Thanks for the entertainment and for making me want to try something new. 
Bravo sir Bravo.


----------



## oldmiser (Jan 22, 2014)

Cool Video Oh yeah the new shooter passed the testing just fine my friend..Bam Bam Bam....Glad your loviing it....

Oh and the balance board..awwww I think at my age of 72 now I got enough to just walk any more....Pleasure too watch you shoot

Best too you be well Happy Shooting~AKAOldmiser


----------



## leon13 (Oct 4, 2012)

Volp you are a Creasy slingshot acrobatic thanks for showing
Cheers


----------



## Genoa Slingshot (Oct 29, 2015)

Como siempre tu eres un maestro tirador!
Bravissimo socio!
The new slingshot looks very nice.
Is it still 75mm forks width?


----------



## Tag (Jun 11, 2014)

Your videos are awesome!!!!! Thanks for sharing


----------



## Tremoside (Jul 17, 2013)

Love it my friend!

Volp's - Parade of Skills

:beer:


----------



## Charles (Aug 26, 2010)

Volp, what a clever man you are! I am far too unbalanced for such a stunt ....

Cheers ..... Charles


----------



## Peter Recuas (Mar 6, 2014)

Eres grande y sencillo, el paquete completo :wave: :wave: :wave:


----------



## Ifab25 (Jun 5, 2013)

Man, you never fail to impress! Great job!!


----------



## Volp (Aug 25, 2014)

Barky Bow said:


> Bravo Volp!!!!!!
> Again and again no matter what language you use your shooting is top notch.
> Thanks for the entertainment and for making me want to try something new.
> Bravo sir Bravo.


I really appreciated what you wrote in your comment!! "making me want to try something new" this is one of the best compliment a person can receive.

Thanks!!

Volp



oldmiser said:


> Cool Video Oh yeah the new shooter passed the testing just fine my friend..Bam Bam Bam....Glad your loviing it....
> 
> Oh and the balance board..awwww I think at my age of 72 now I got enough to just walk any more....Pleasure too watch you shoot
> 
> Best too you be well Happy Shooting~AKAOldmiser


Thanks a lot my friend!!! This slingsgot is the brother of your slingshot, I made it the same day with the same plastic 



leon13 said:


> Volp you are a Creasy slingshot acrobatic thanks for showing
> Cheers


 anic:  Thanks my Friend!!



noemarc said:


> Como siempre tu eres un maestro tirador!
> Bravissimo socio!
> The new slingshot looks very nice.
> Is it still 75mm forks width?


Grazie grande socio, questa e' 80mm larga.



Tag said:


> Your videos are awesome!!!!! Thanks for sharing


I very happy that you enjoyed Tag!!

Take care

Volp



Tremoside said:


> Love it my friend!
> 
> Volp's - Parade of Skills
> 
> :beer:


 :thumbsup: Ready for the carnival!

Thanks my friend


----------



## Volp (Aug 25, 2014)

Charles said:


> Volp, what a clever man you are! I am far too unbalanced for such a stunt ....
> 
> Cheers ..... Charles


Thanks a lot Charles!! It is a very nice tool the balance board!

Take care!!



Peter Recuas said:


> Eres grande y sencillo, el paquete completo :wave: :wave: :wave:


Y esta vez en español!!

Gracias hermano



Ifab25 said:


> Man, you never fail to impress! Great job!!
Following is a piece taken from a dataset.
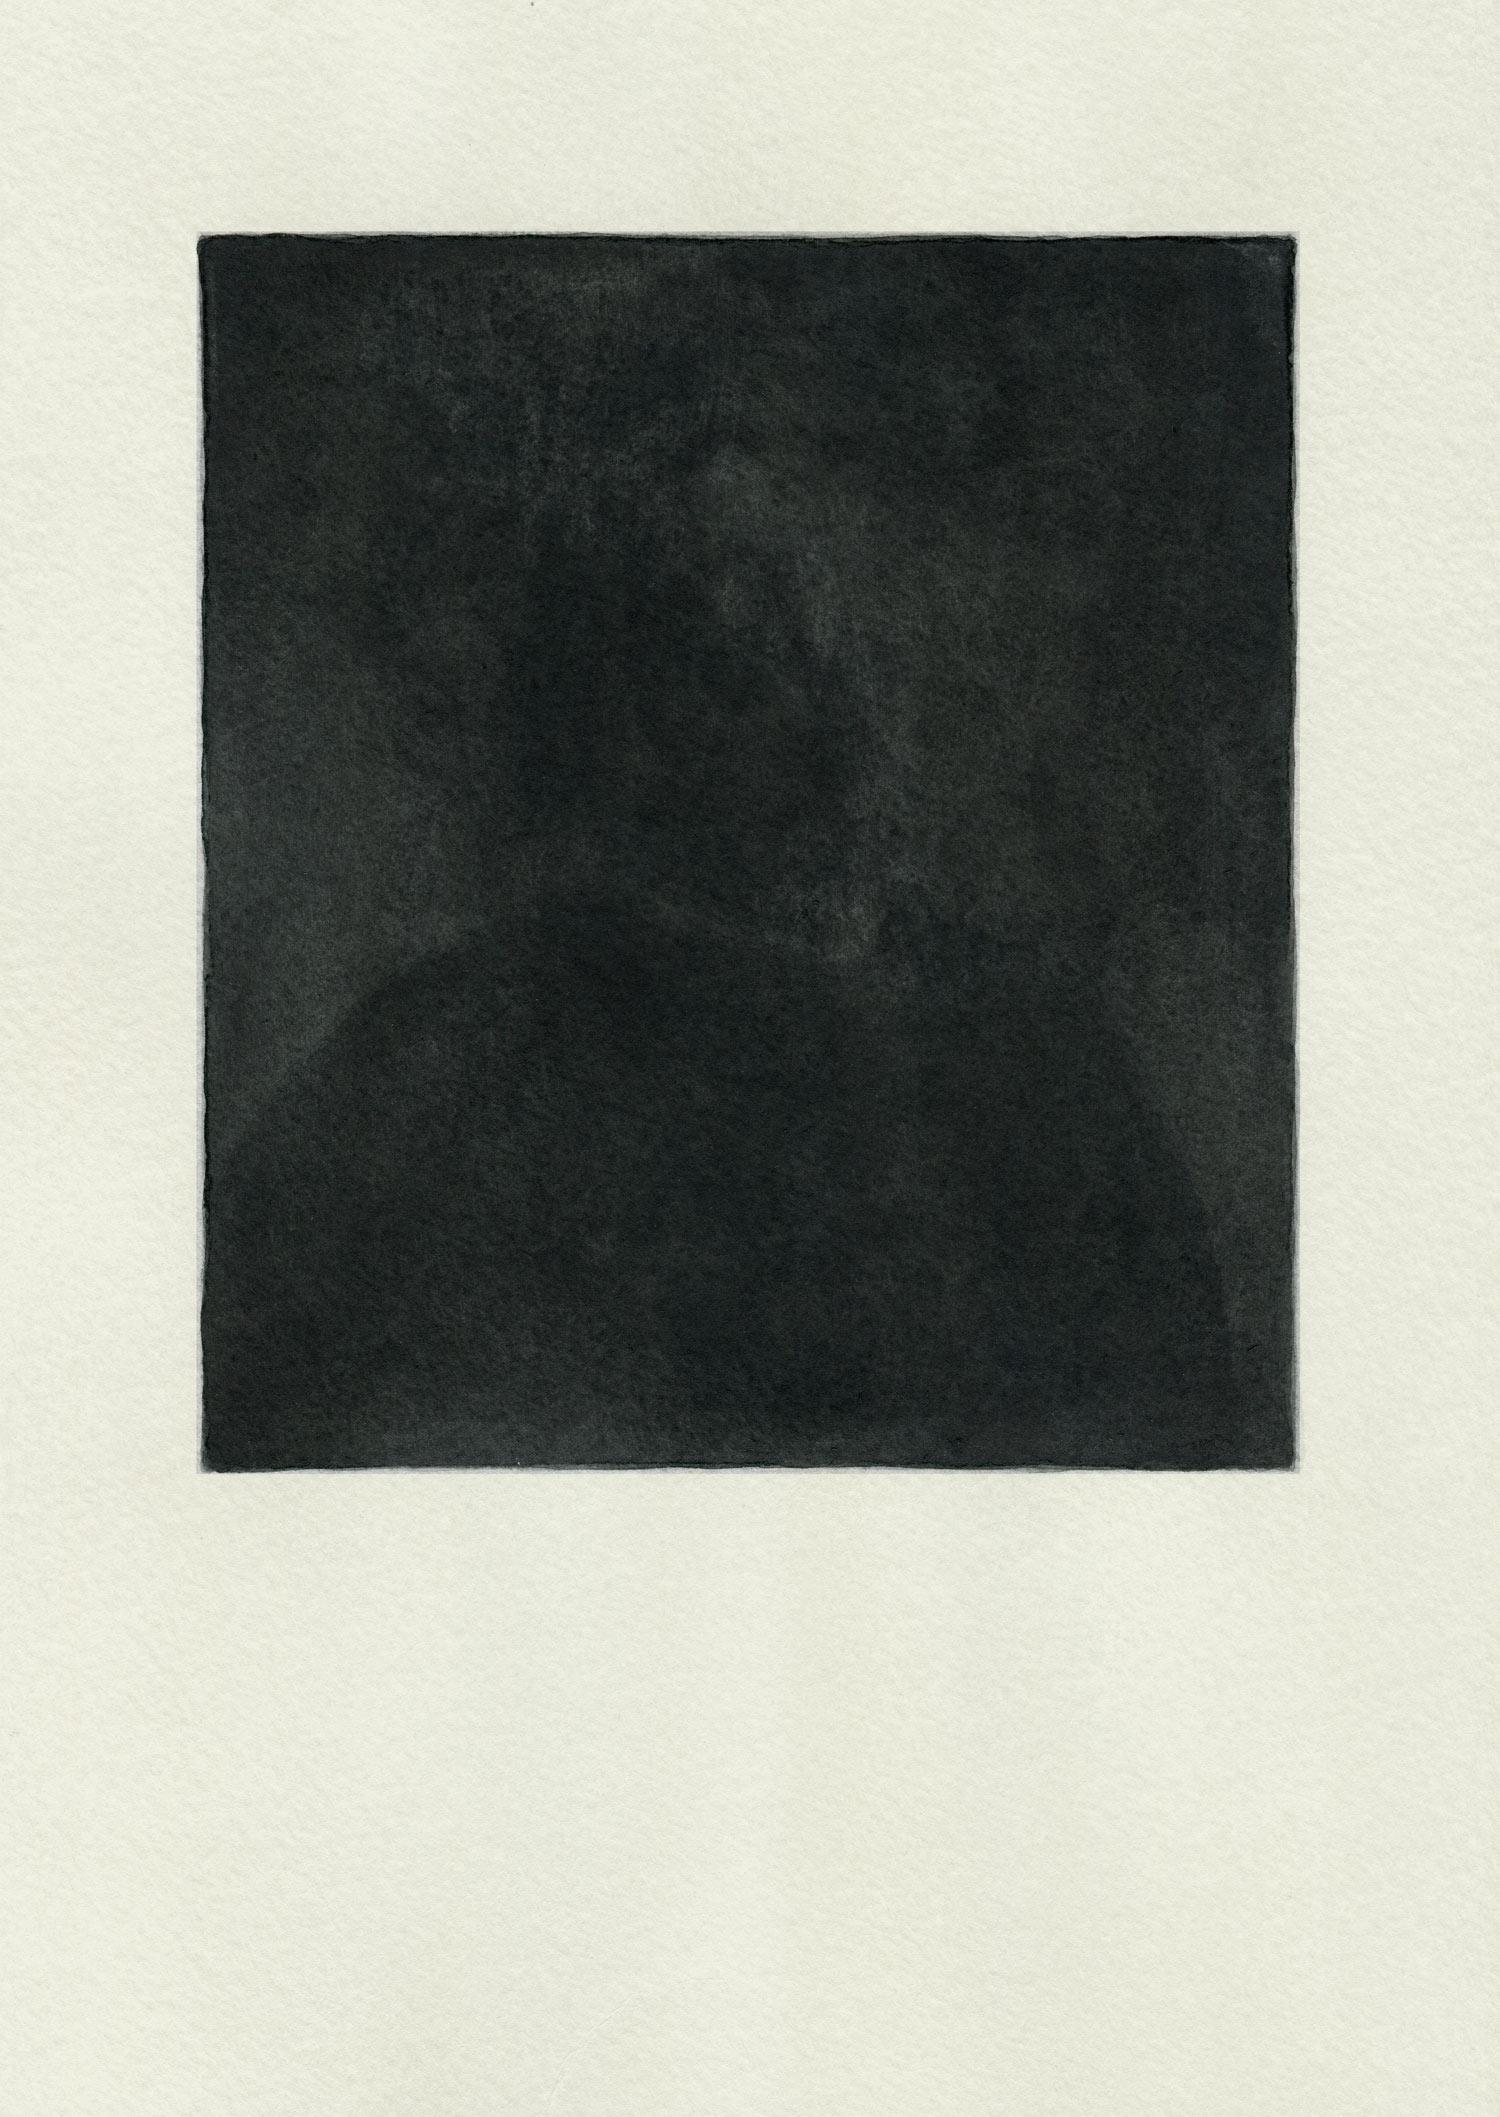 La mirada fantasma: Alonso Cano, 1660. 2016

I do my best my friend. I am Always very happy to read your comments!!

Take care

Volp


----------



## Can-Opener (May 11, 2013)

Way to go Volp


----------



## devils son in law (Sep 2, 2014)

Who's the man????


----------



## Volp (Aug 25, 2014)

Can-Opener said:


> Way to go Volp


Thanks Can-Opener!!! :bowdown:



devils son in law said:


> Who's the man????


Who??


----------



## Rip-van-Winkelholz (May 7, 2015)

A few minutes ago i viewed an actioner from hongkong.

These guys love to shoot while they are flying through the air.

What do You think...?!

Could that be a good idea for another new vid?!

BTW: A trick-shot artist can never be jobless! 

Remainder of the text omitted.